=== YOUR ASSIGNMENT ===
Could you restate, exactly and with nothing added, the lines from the start of the data through the line that holds "Free Image of", leaving the pictures out?

=== DATA ===
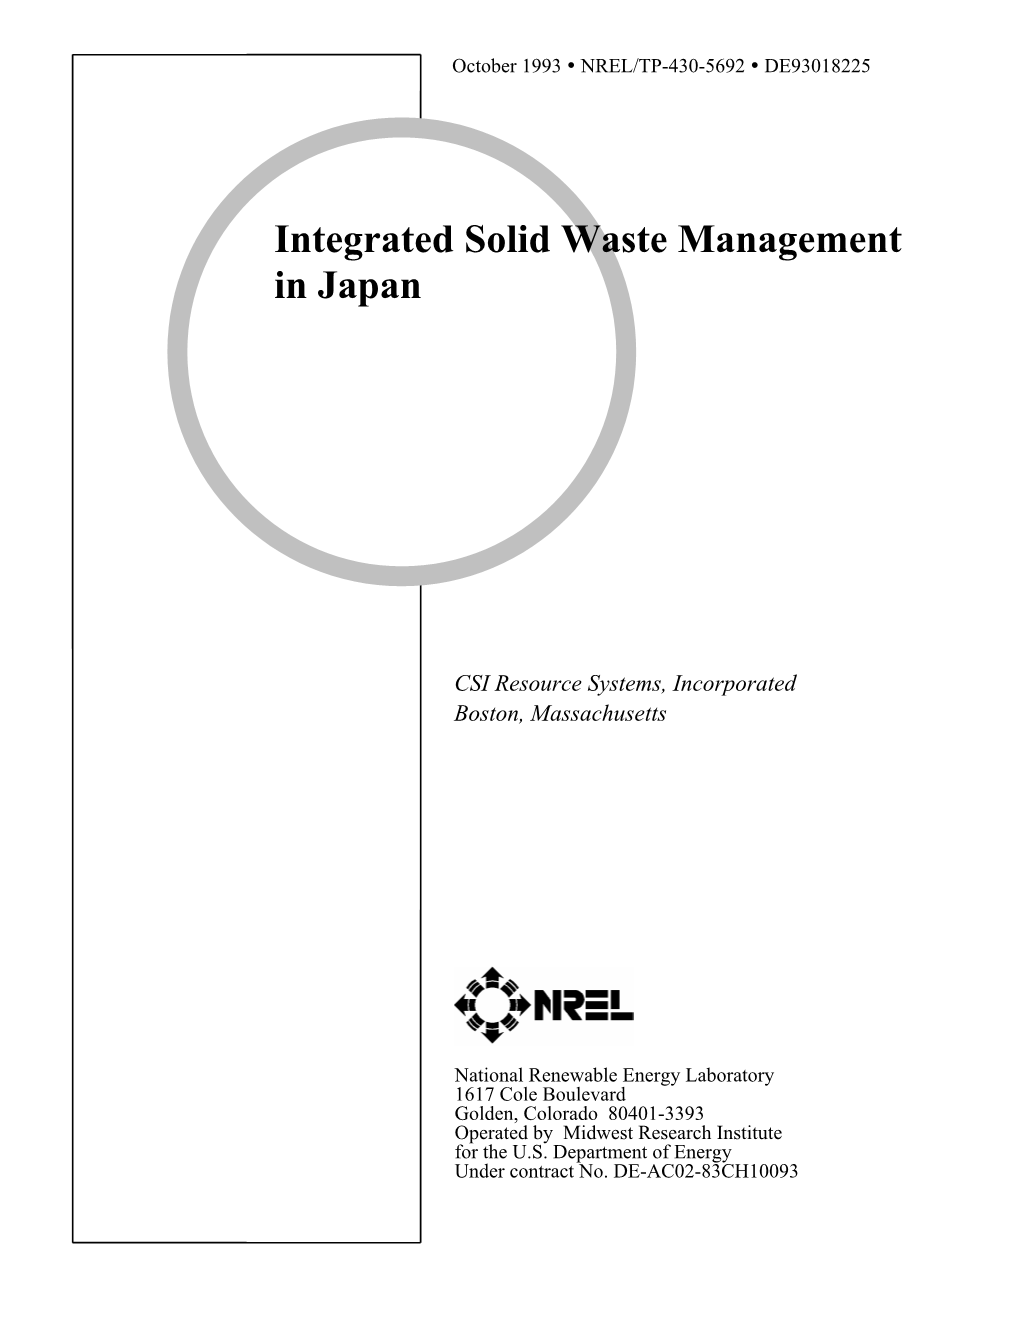 Integrated Solid Waste Management in Japan
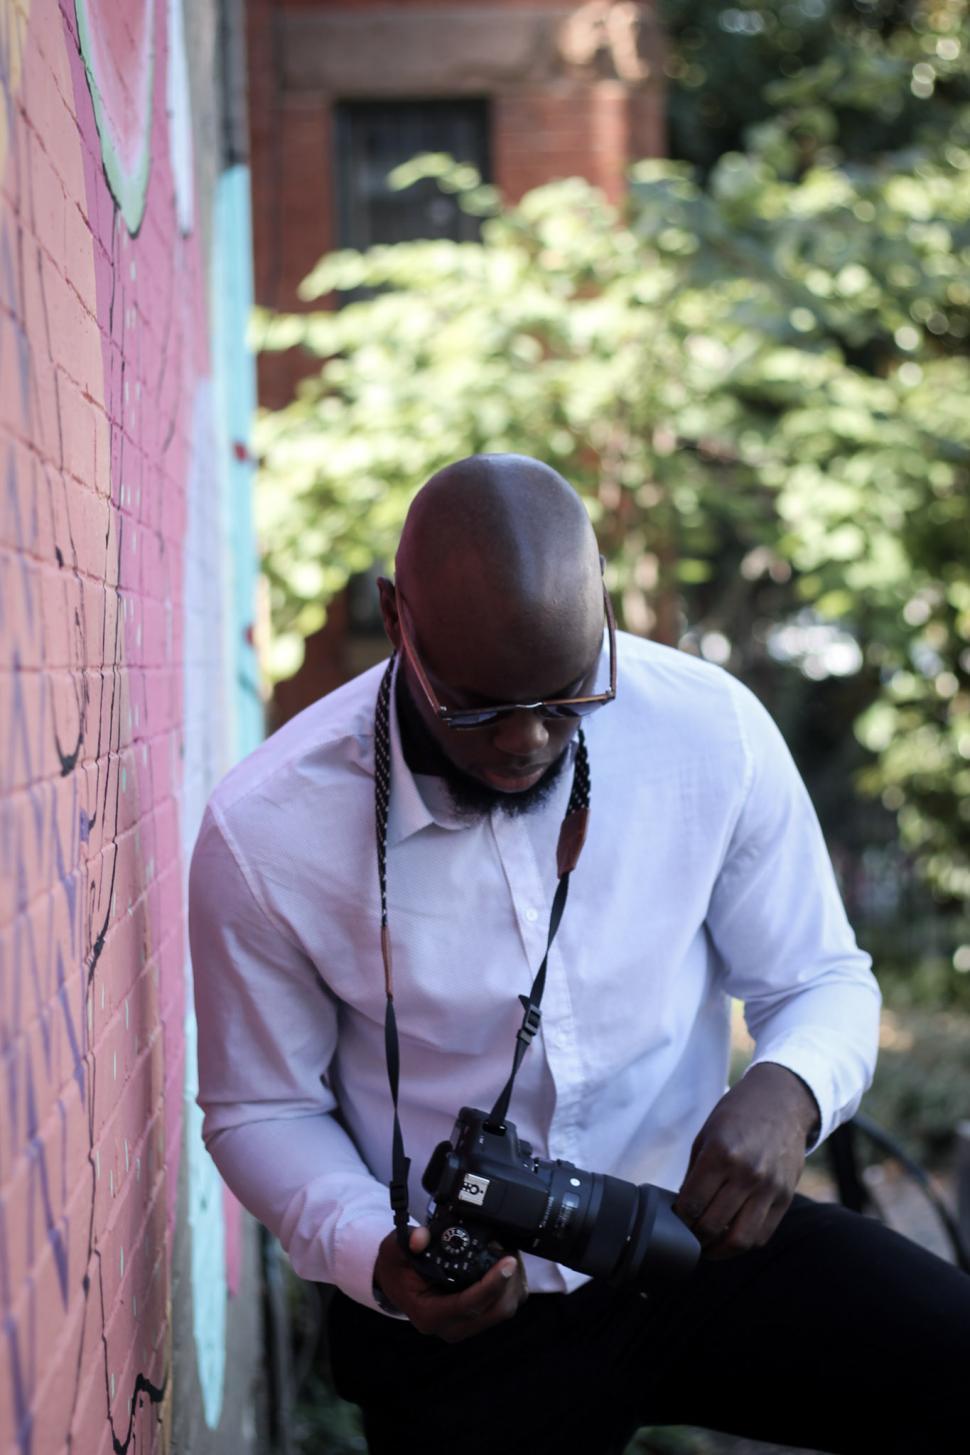 Free Image of Young Man with shaved head, in white shirt holding professional camera - look 
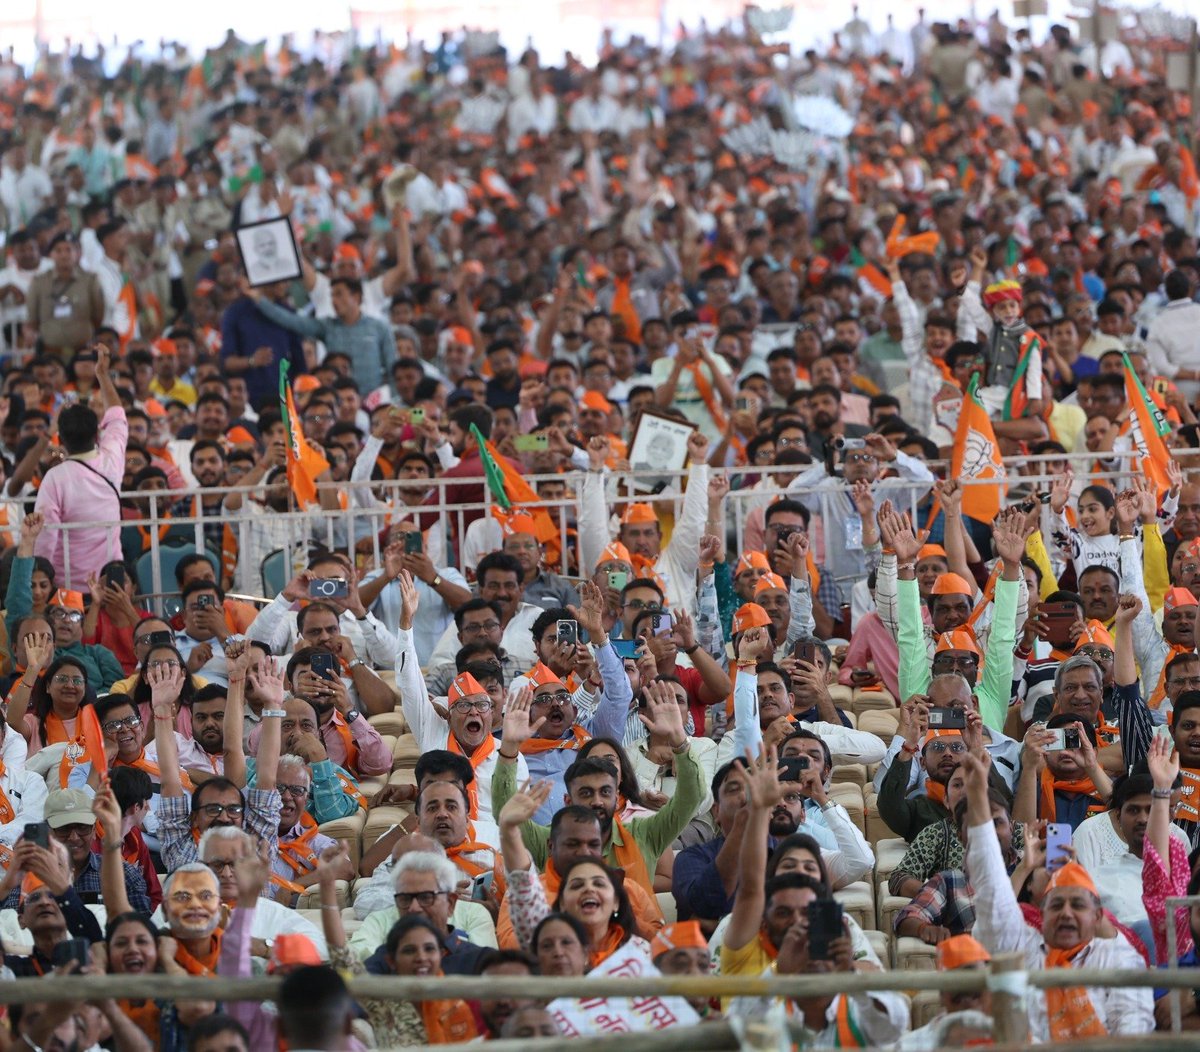 The rallies in Junagadh and Jamnagar were filled with great euphoria. The people of Gujarat, who have anyway rejected Congress for decades, are very angry at the blatant votebank politics they are now advocating.

=== OUTPUT BELOW ===
 Integrated Solid Waste Management in Japan
 Free Image of Young Man with shaved head, in white shirt holding professional camera - look 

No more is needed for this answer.